Abstract
A group of older adults with good hearing and a group with mild-to-moderate hearing loss were tested for recall of the final three words heard in a running memory task. Near perfect recall of the final words of the three-word sets by both good- and poor-hearing participants allowed the inference that all three words had been correctly identified. Nevertheless, the poor-hearing group recalled significantly fewer of the nonfinal words than did the better hearing group. This was true even though both groups were matched for age, education, and verbal ability.

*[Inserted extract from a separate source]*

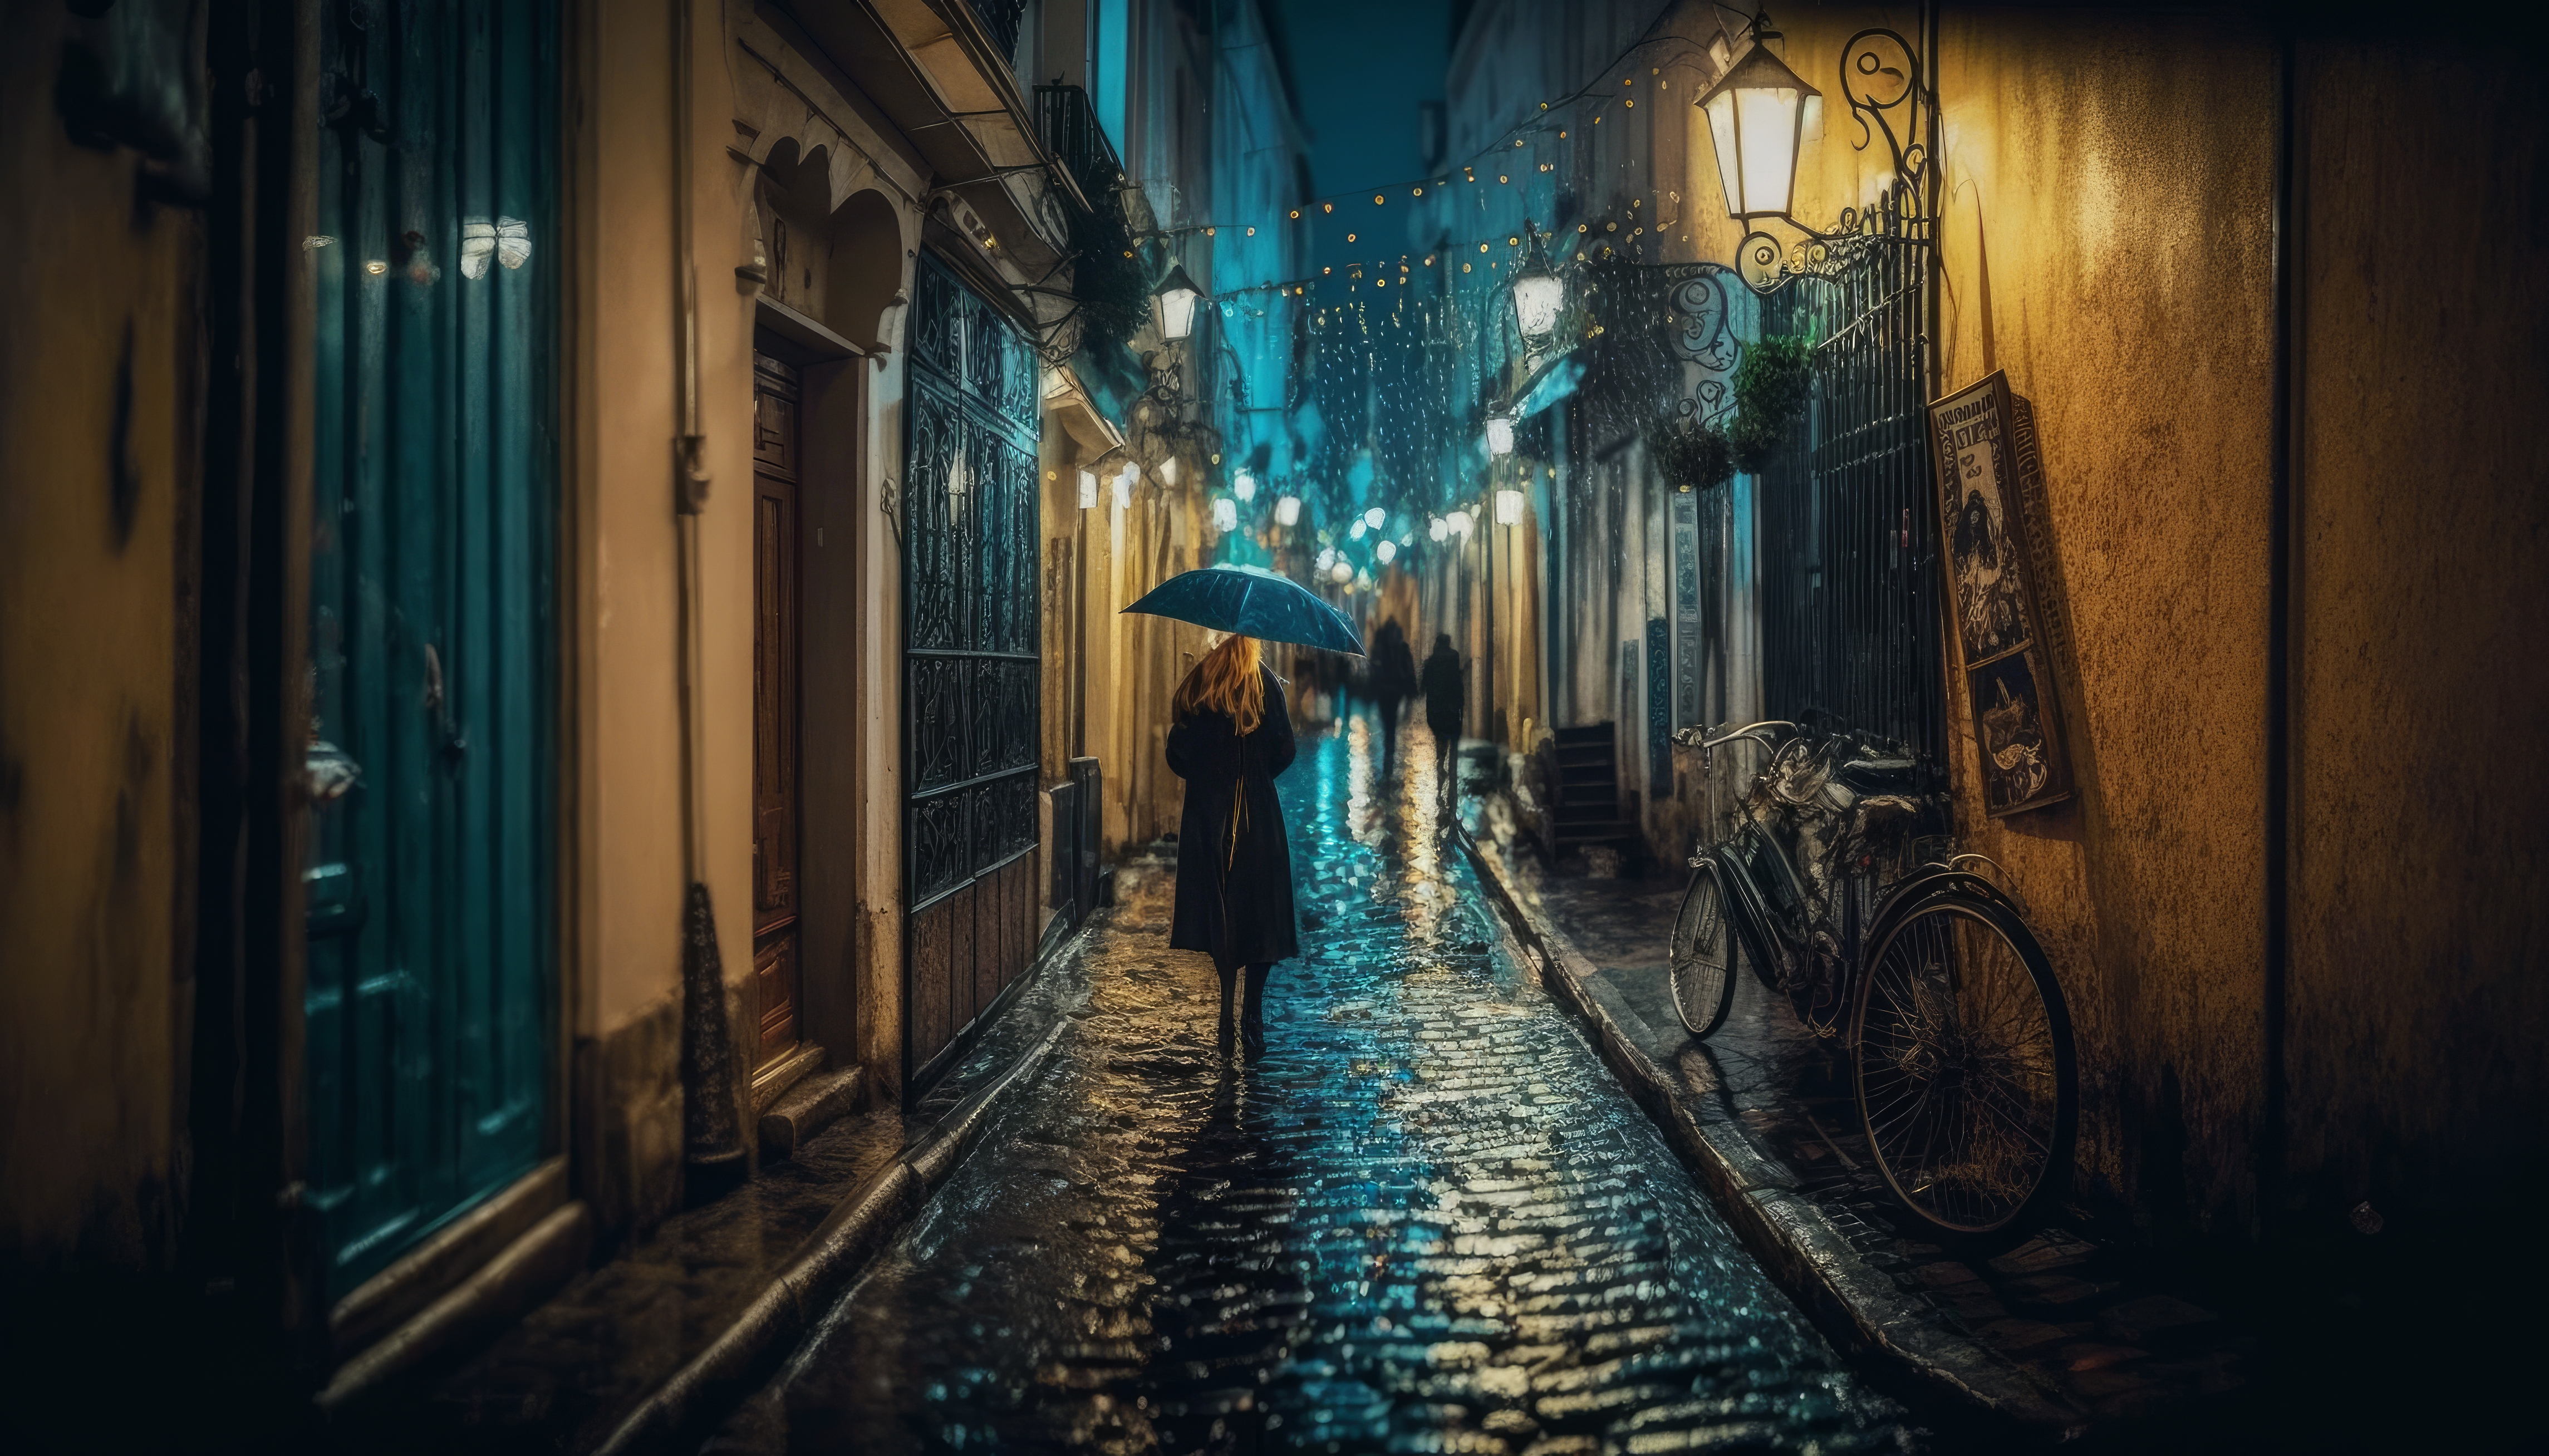 Ai Art Illustration Women Paris Umbrella Cobblestone Small Alley Alleyway Street Light Bicycle 4579x2616

Results were taken as support for an effortfulness hypothesis: the notion that the extra effort that a hearing-impaired listener must expend to achieve perceptual success comes at the cost of processing resources that might otherwise be available for encoding the speech content in memory.
Acknowledgements
This research was supported by NIH Grant AG19714 from the National Institute on Aging. We also gratefully acknowledge support from the W.M. Keck Foundation. The authors would like to thank Patrick Rabbitt, John Towse, and two anonymous reviewers for their helpful comments.
Notes
We use the terms “resources” and “resource capacity” in Kahneman's (Citation1973) original sense, to refer to a limited pool of attentional resources that must be allocated among tasks. In Kahneman's formulation, processing resources for a particular task will be diminished if access to the same resources is required for performance of multiple tasks that must be performed concurrently or in close sequence: in this case, perceptual processing of the spoken words and their encoding in memory. The more difficult or resource demanding a particular task, the fewer resources will be available for use elsewhere in the system. As such, Kahneman's notion of resource capacity is used in the same sense as CitationBaddeley's (1996, Citation1998) notion of a limited-capacity central executive in working memory.